Souvent, le mardi midi, je vais déjeuner chez elle. Du coup, elle me raconte sa sortie. Et souvent, elle est agacée et a envie de laisser tomber. Il faut dire que ce qui occupe les conversations, ce sont « les assistés » et la Marine. De ce que j’en ai compris, beaucoup de chinchins trouvent qu’on aide trop les étrangers, qu’il y a un tas de faignants qui profitent du système et qu’on devrait les mettre au boulot : « Parasites, un p’tit coup de pompe dans l’arrière-train, ça ne serait pas du luxe ! ». Forcément, ma môman, ce type de discours, ça la gonfle. Dans le groupe de chinchins, il y en a un qui se prénomme Aziz… Je me demande comment il doit ressentir ces conversations récurrentes. Apparemment, il rigole. Aziz, il va aux chinchins parce qu’il peut boire son pastis tranquilou.
Sauf que…
Les chinchins sont tous aveugles. Ils sont largement « subventionnés » par l’état. Ils râlent qu’on ne les aide pas assez, qu’il n’y a pas assez de spectacles pour eux, qu’on les bouscule dans le tram. Dès qu’ils veulent déménager, des associations s’occupent de tout, même quand c’est tous les trois mois. Et ils votent FN.
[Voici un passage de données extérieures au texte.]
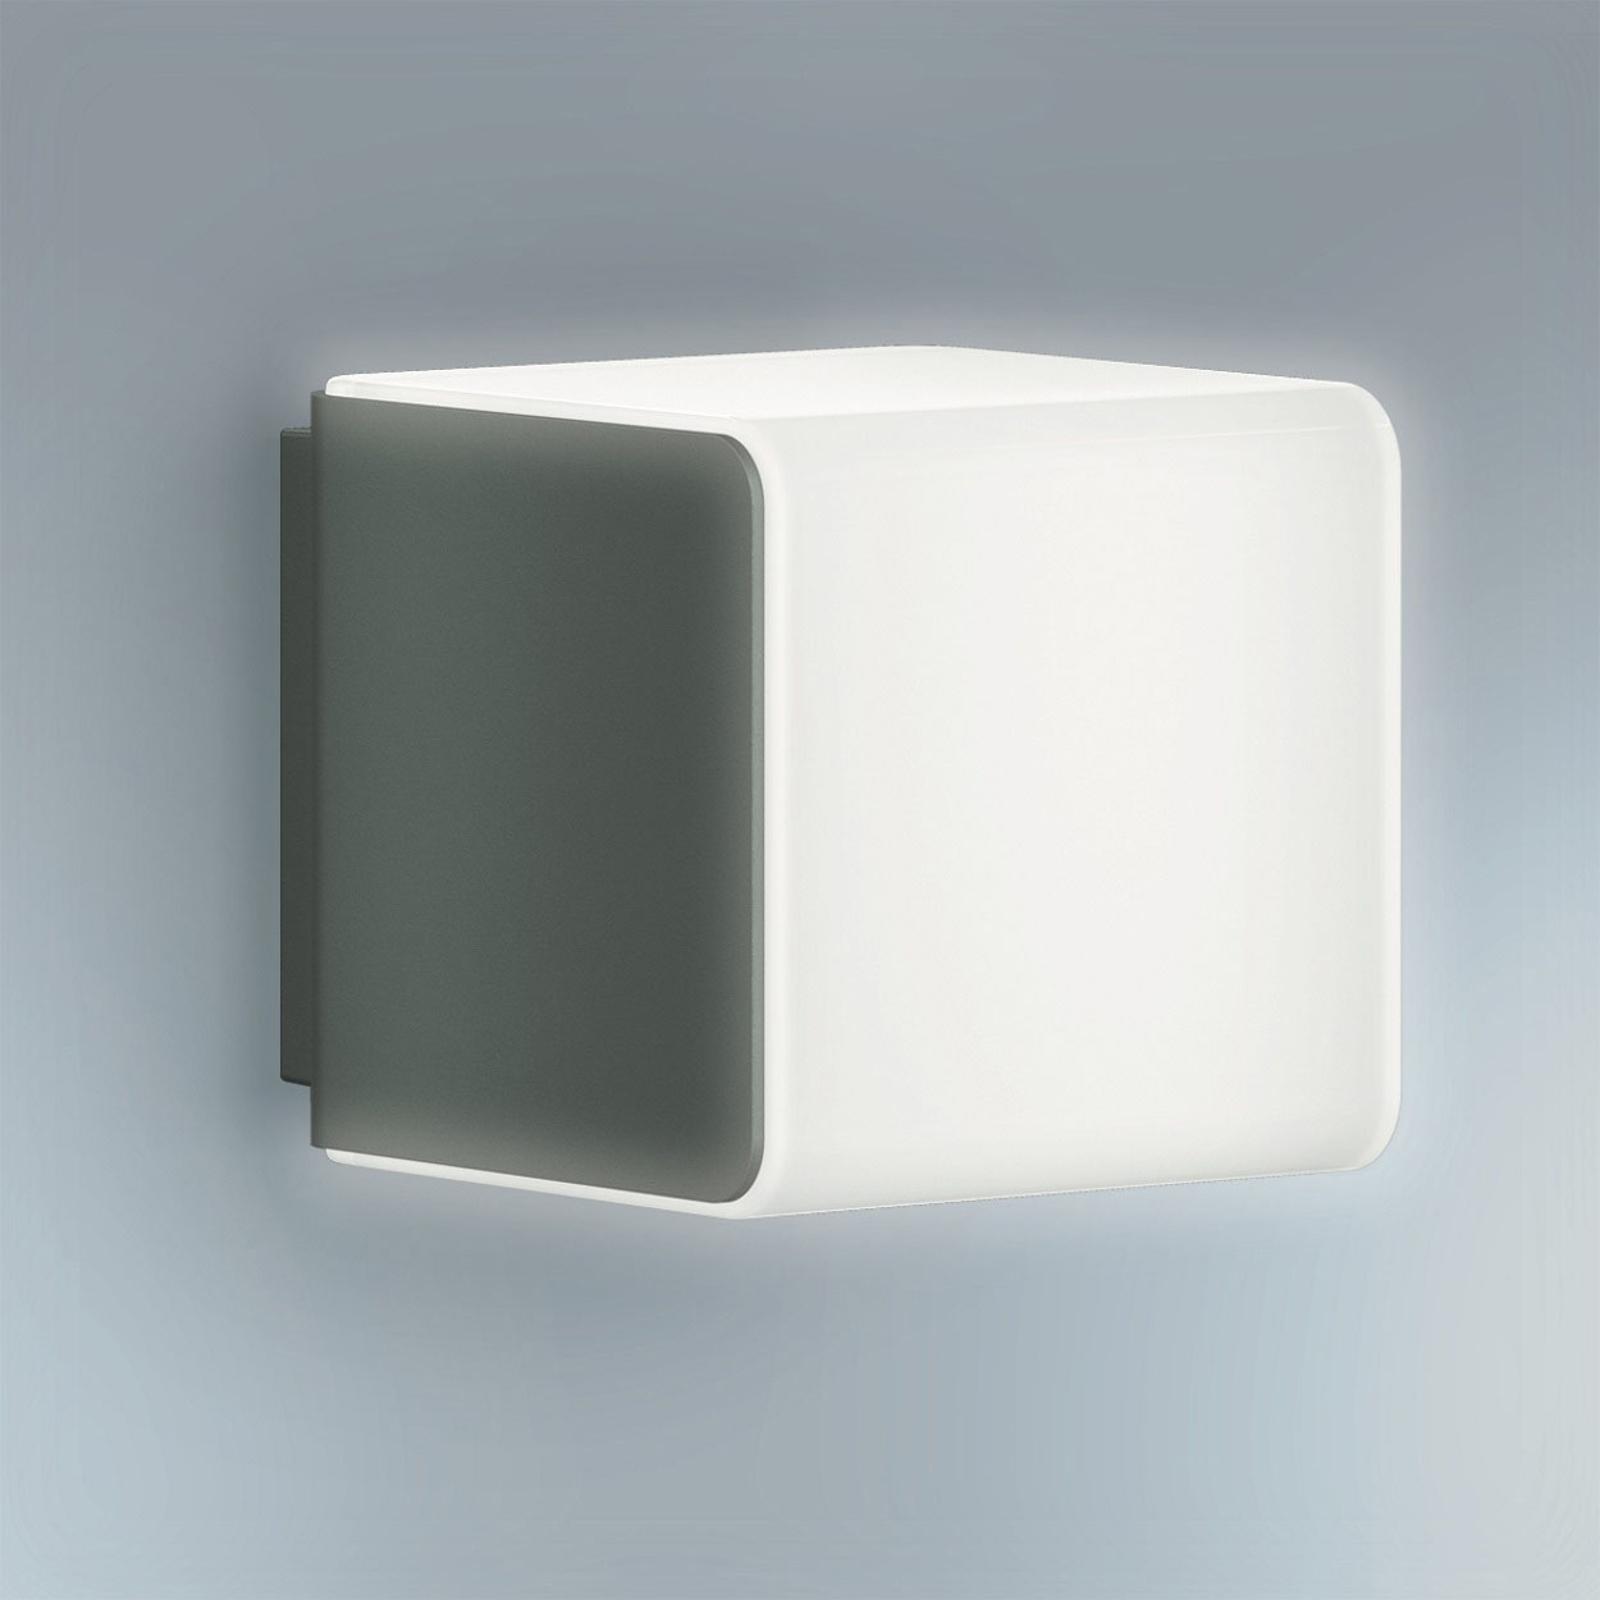 STEINEL L 830 iHF buitenwandlamp, antraciet

Ce qui me parait le plus mesquin dans l’histoire, c’est que ces chinchins ont souvent des revenus supérieurs, toutes aides confondues, à leurs accompagnants, ils ne paient pas ou peu d’impôts, mais qu’ils refusent de participer aux frais d’essence des z’automobiles de ceux qui les baladent dans le Pilat ou dans les Monts de la Madeleine. Comprenez : « ils z’ont bien du malheur, alors on leur doit le bénévolat ».
Des fois, l’humanité me laisse pantoise et pantelante. En tout cas, j’admire ma môman de sa patience. Parce que moi, je leur couperais la langue.